7- Triplets help a lot. Think of the solo from Foreigner's "Cold As Ice" When I heard this back in the day a Knew triplets were cool. Playing 3 note patters over 1/8th notes is kinda cool too. I think the opening riff from "Blue Morning" is pretty close here.

8 - Steal without shame or remorse - For goodnes sake, when you hear someone else do something you like LEARN IT, use it, make it your own. How the heck do you think Clapton got where he is...playing like that and all. I suspect he listened to a great many records and played along with them and copied his favourite riffs. The clip below contains a riff that borrows heavily from Jeff Beck's version of "She's a Woman" from Blow by Blow (starts on the low open E string followed by a couple of quick hammer ons and things. 

http://trinityamps.com/clips/samples/Fusion2.mp3

9- For goodness sake, practice with a metronome!


----------



## sambonee (Dec 20, 2007)

Fluidity is basically how smooth your playing is. Effortlessness I would say is a big part of it. 

I have been asked a number of times how I play the way I do. 
1. I try never to play as fast as I can 
2. I try to build on melodic themes as the great classical composers would always do 
3. If it's impossible to whistle, it's probably not memorable 4. Maintain your guitar regularly.

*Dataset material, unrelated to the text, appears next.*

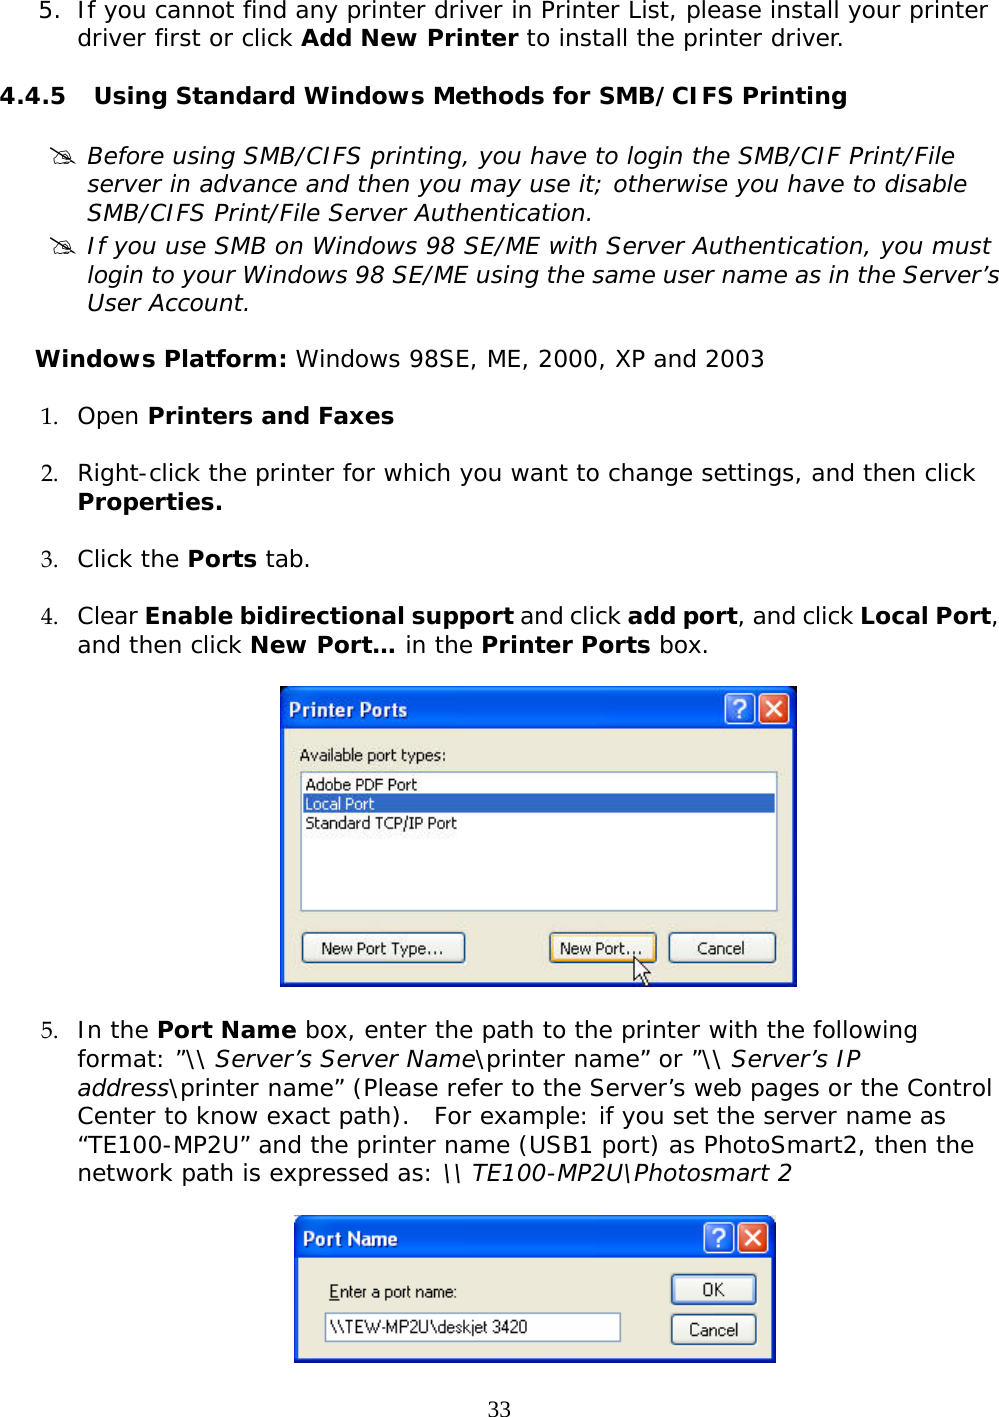     33 5. If you cannot find any printer driver in Printer List, please install your printer driver first or click Add New Printer to install the printer driver.  4.4.5 Using Standard Windows Methods for SMB/CIFS Printing  # Before using SMB/CIFS printing, you have to login the SMB/CIF Print/File server in advance and then you may use it; otherwise you have to disable SMB/CIFS Print/File Server Authentication. # If you use SMB on Windows 98 SE/ME with Server Authentication, you must login to your Windows 98 SE/ME using the same user name as in the Server’s User Account.  Windows Platform: Windows 98SE, ME, 2000, XP and 2003 1. Open Printers and Faxes   2. Right-click the printer for which you want to change settings, and then click Properties.  3. Click the Ports tab.  4. Clear Enable bidirectional support and click add port, and click Local Port, and then click New Port… in the Printer Ports box.     5. In the Port Name box, enter the path to the printer with the following format: ”\\ Server’s Server Name\printer name” or ”\\ Server’s IP address\printer name” (Please refer to the Server’s web pages or the Control Center to know exact path).  For example: if you set the server name as “TE100-MP2U” and the printer name (USB1 port) as PhotoSmart2, then the network path is expressed as: \\ TE100-MP2U\Photosmart 2

Too many overlook how now strings help with effortlessness on the guitar. 
5. Study what notes work best under each chord. 
6. *** learn what the rules of writing great melodies are. Mostly step-wise motion, simple, harmonic repetition, rhythmic repetition, etc ..... 

Lastly, it's pretty impossible to play at your max speed and stay fluid. Any of the solos that you can sing probably aren't smokin, 

Comments? Thoughts?


----------